Created by Dane Theuerkauf on Mon, 12/02/2024 - 19:42
Description:
John Joel Glanton: the man who would become the notorious leader of the Glanton gang was born in 1819 along side his twin brother Julian in Edgefield Country, South Carolina. His parents were Charles William and Margaret Hill Glanton. His father Charles Glanton would pass away in 1826, and the mother with her children would relocate to Louisiana, eventually ending up in Jackson County, Arkansas. She would remarry a wealthy war veteran and Walnut Woods Plantation owner, Major John Roddy. John Glanton at a young age had a violent attitude and explosive temper. As his childhood is largely unknown, many believe he would become an outlaw and leave Tennessee to settle in Gonzales
Texas, where he would fight in the 1835 Texan Revolution Against Mexico.
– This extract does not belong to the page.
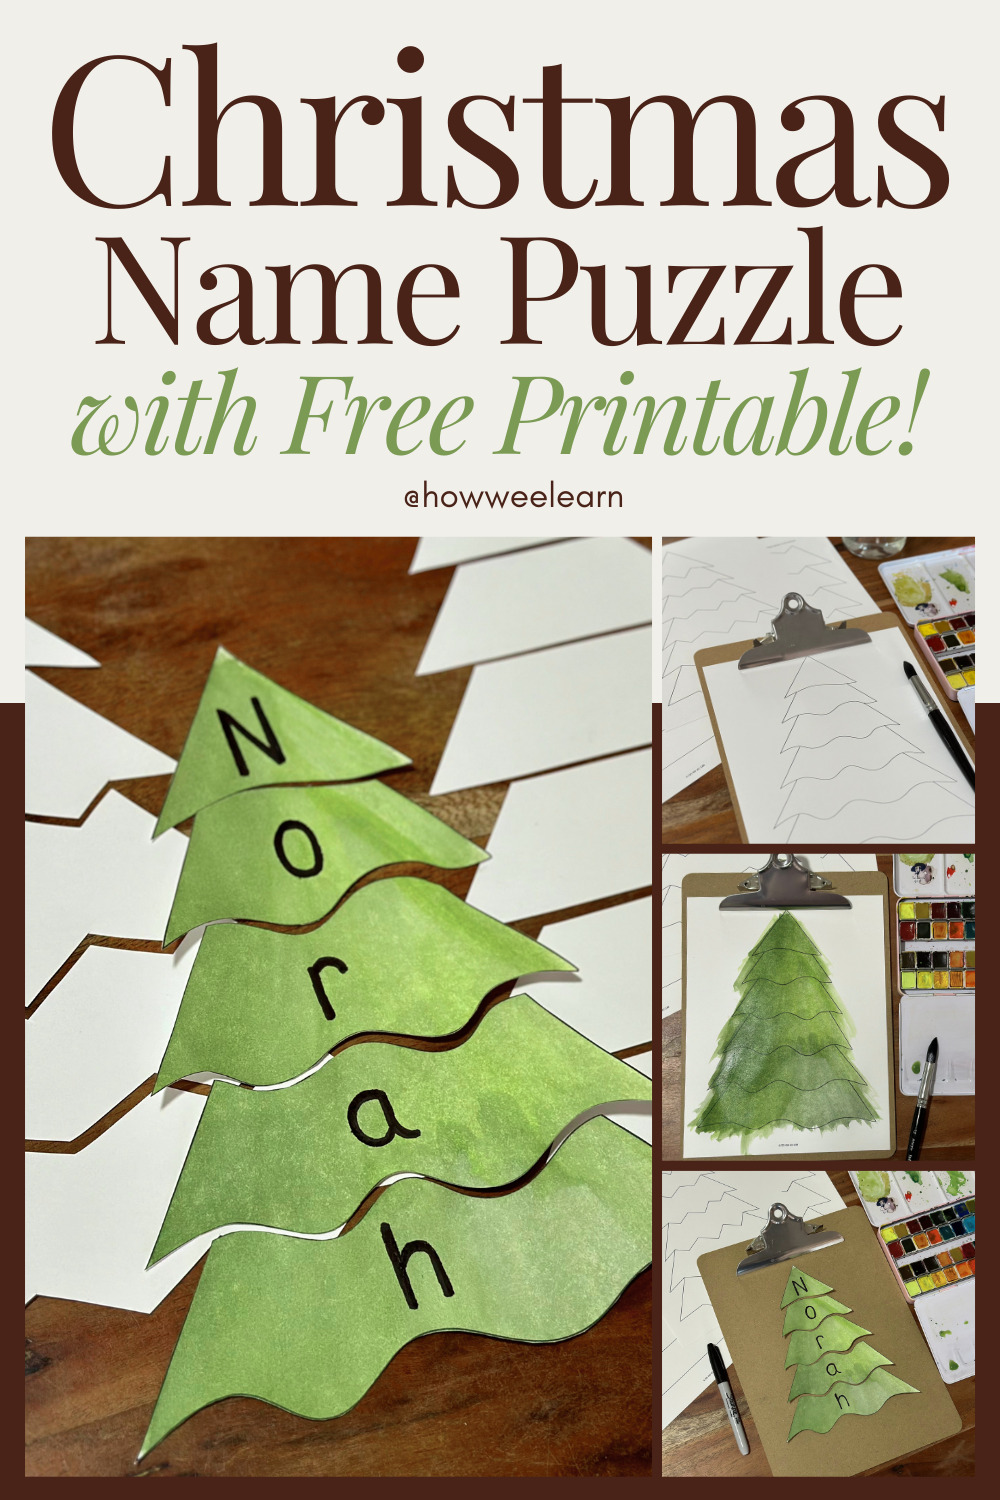 Christmas Name Puzzle with Free Printable

Eventually, in his teenage years, he would be engaged to his fiancée, but she would be killed and scalped by Lipan Apaches while he was away at war. on March 27, 1836, he escaped the Goliad massacre, barely making it out with his life. He would also be a brief part of a faction war called the Regulator Moderator war, where he killed or wounded men on both sides. He would also briefly leave Texas, being arrested in New Orleans on March 11, 1841, for shooting a pistol at a policeman. Having missed the officer, no charges were pressed as no one was harmed. By 1845 he would attempt to get a 320-acre grant for a plot of land in Jackson County, Arkansas. The land would be approved but there was no certificate of the purchase, he would give this claim to his brother, and Glanton would again travel to Texas in 1846. He would then take part in the Mexican-American War in 1847. First, he was a sentry, then he went on to be in the Texas Rangers later in the war.